A spokesman for the New Jersey State Policemen's Benevolent Association said Tuesday the organization will pull its collective bargaining seminar out of Atlantic City and possibly its spring convention to protest the layoff of 60 police officers.

PBA spokesman Jim Ryan said the seminar and the association's annual March event have been held in Atlantic City for the past 25 years, and draw more than 2,500 PBA members to Atlantic City.

"Between those two events, the PBA brings about $1 million each year into the city. We sell out the Trump Plaza and a good portion of the Tropicana.

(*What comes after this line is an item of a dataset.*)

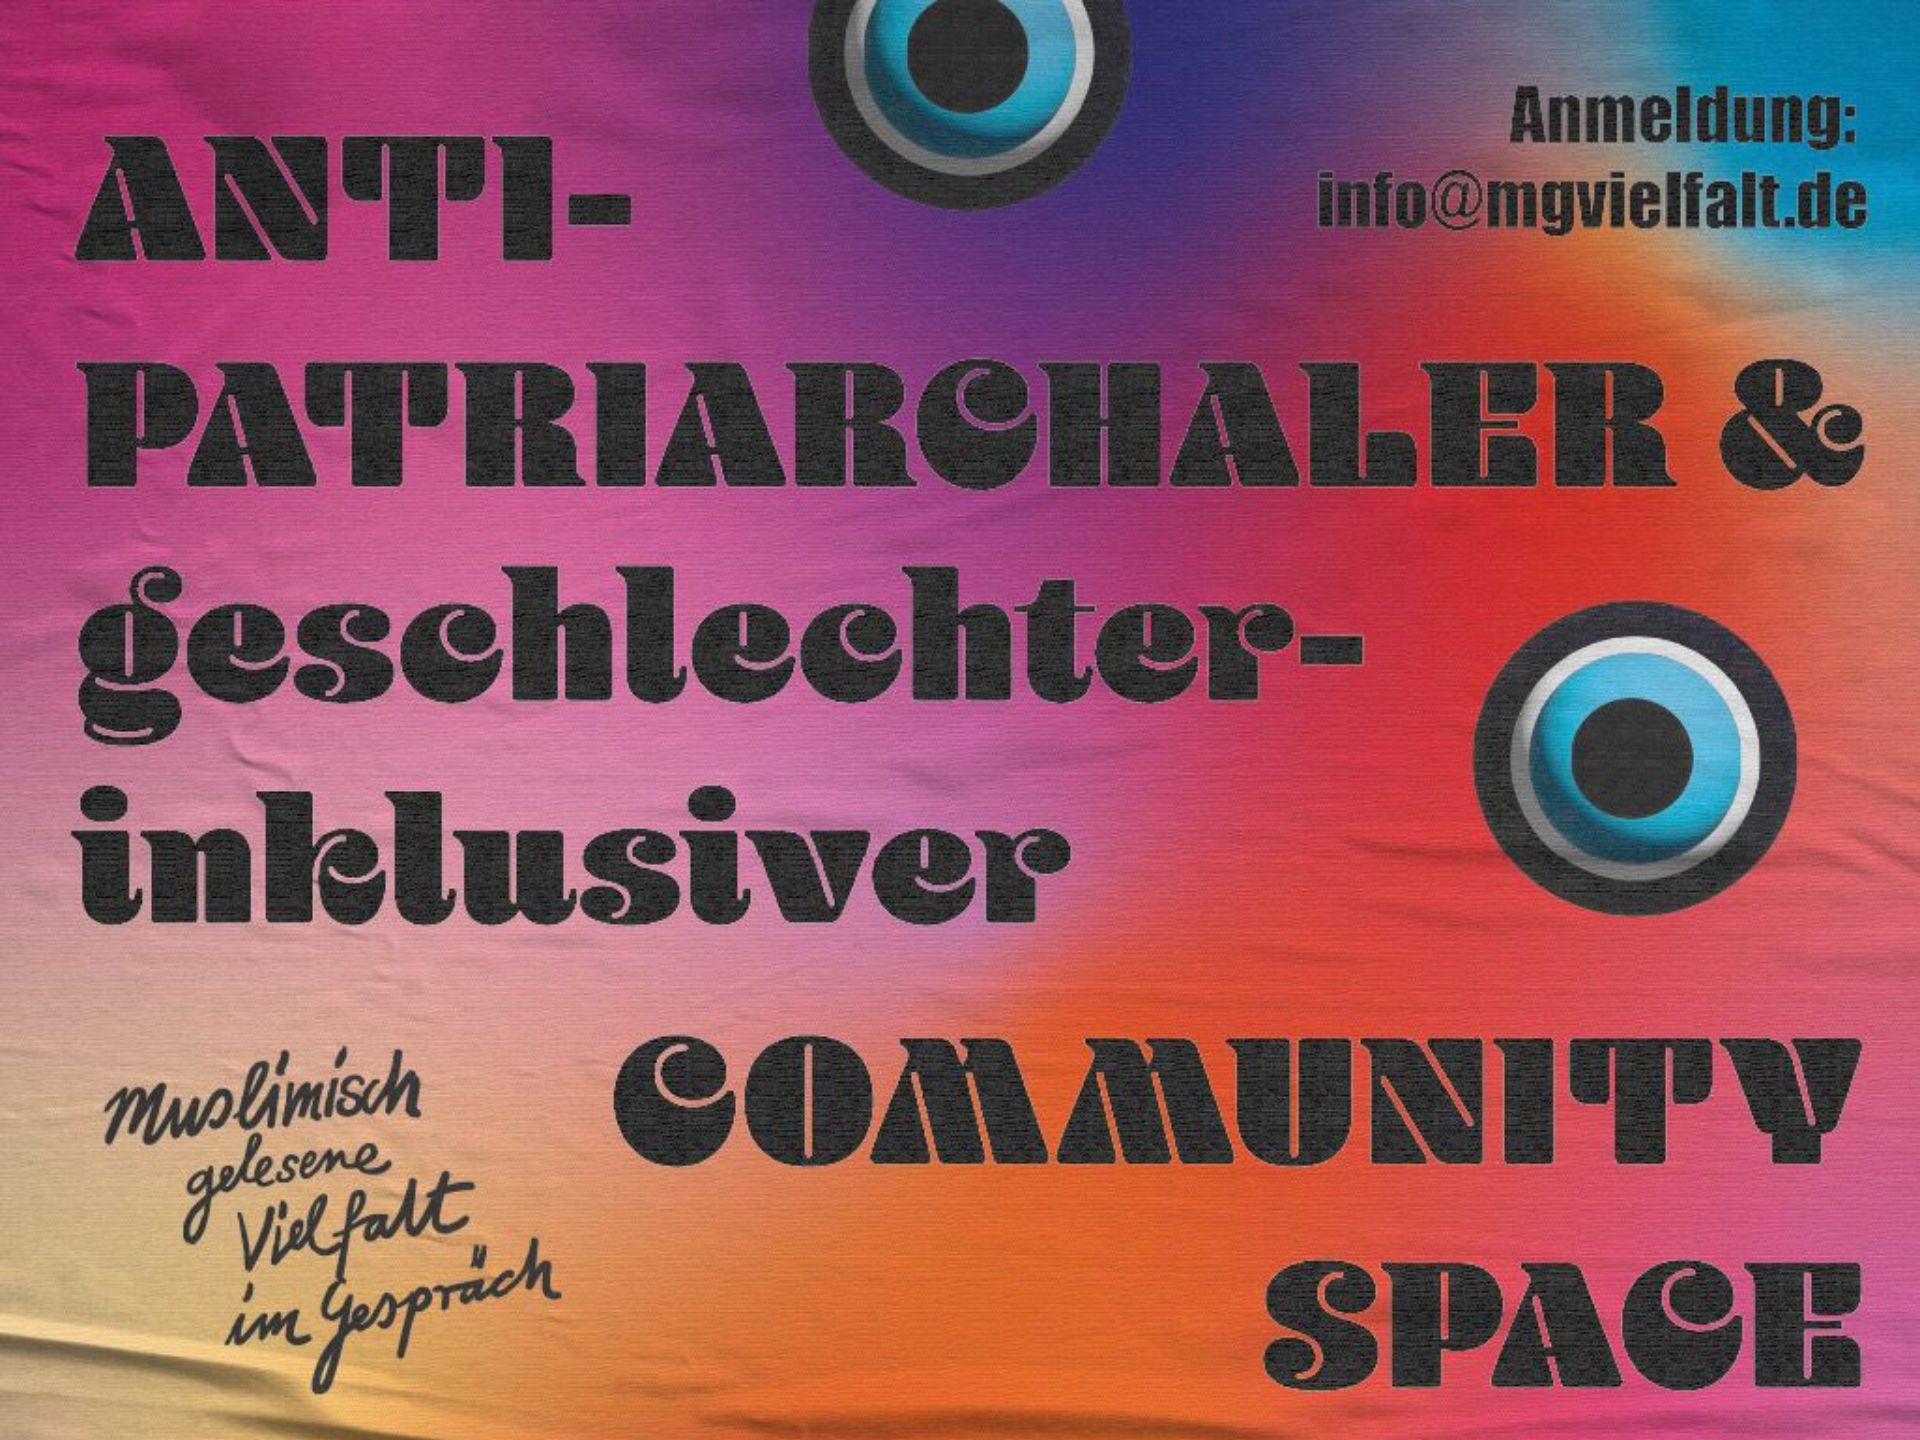 Workshops + talks | Anti-patriarchal and gender-inclusive community space

Between the bars and restaurants and hotels we bring in a lot of money," Ryan said.

Now, the union has decided to forgo the February meeting and is seriously considering cancelling its March date.

"We cannot support a community that does not support its police department," PBA president Tony Wieners said Tuesday afternoon.

"We come into the city during the quietest time of the year in February and March, and not that we save the city, but we help," Ryan said.

Ryan said the PBA's collective bargaining seminar has been moved to Pines Manor in Edison, Middlesex County.

Ryan said the decision to leave Atlantic City is a difficult one, but he believes the union ultimately will decide to go elsewhere for its convention unless "things change dramatically" in Atlantic City.

"We've enjoyed Atlantic City and they've been a great host to us and it's a nice break for these officers and what they do every day, but we can't go to a city that doesn't value their police," Ryan said.

Jeff Vasser, executive director for the Atlantic City Convention and Visitors Authority called it "a shame" the PBA has decided to take its seminar out of the city and could also pull its convention out as well.

"I'm disappointed. We were hoping they wouldn't do that. They have a nice event when they're here. All I can say is it is disappointing because one has nothing to do with the other. We support them and so does the city," Vasser said.

Ryan said the PBA has struggled for several months with city officials to make inroads regarding police layoffs. He said Mayor Lorenzo Langford has refused to meet with PBA officials.

"He said he didn't have to meet with us and I guess he doesn't. But he can go to China to visit and he couldn't meet with us and we're right around the corner. With events like these that bring in about $1 million to the city, we thought he'd want to meet with us," Ryan said.

Langford traveled to China earlier this month he met with two Chinese billionaires and spoke with them about possibly investing in some of the city's vacant properties.

Reached at his home Tuesday afternoon, Langford said he had no comment about the PBA's decision.

Public Safety Director Christine M. Petersen also said she had no comment.

"That's a decision that the PBA has to make. They get to choose. Atlantic City is not the only city that's laying off officers. Even percentage-wise we're low with how many officers we're laying off," Deputy Chief Ernest Jubilee said.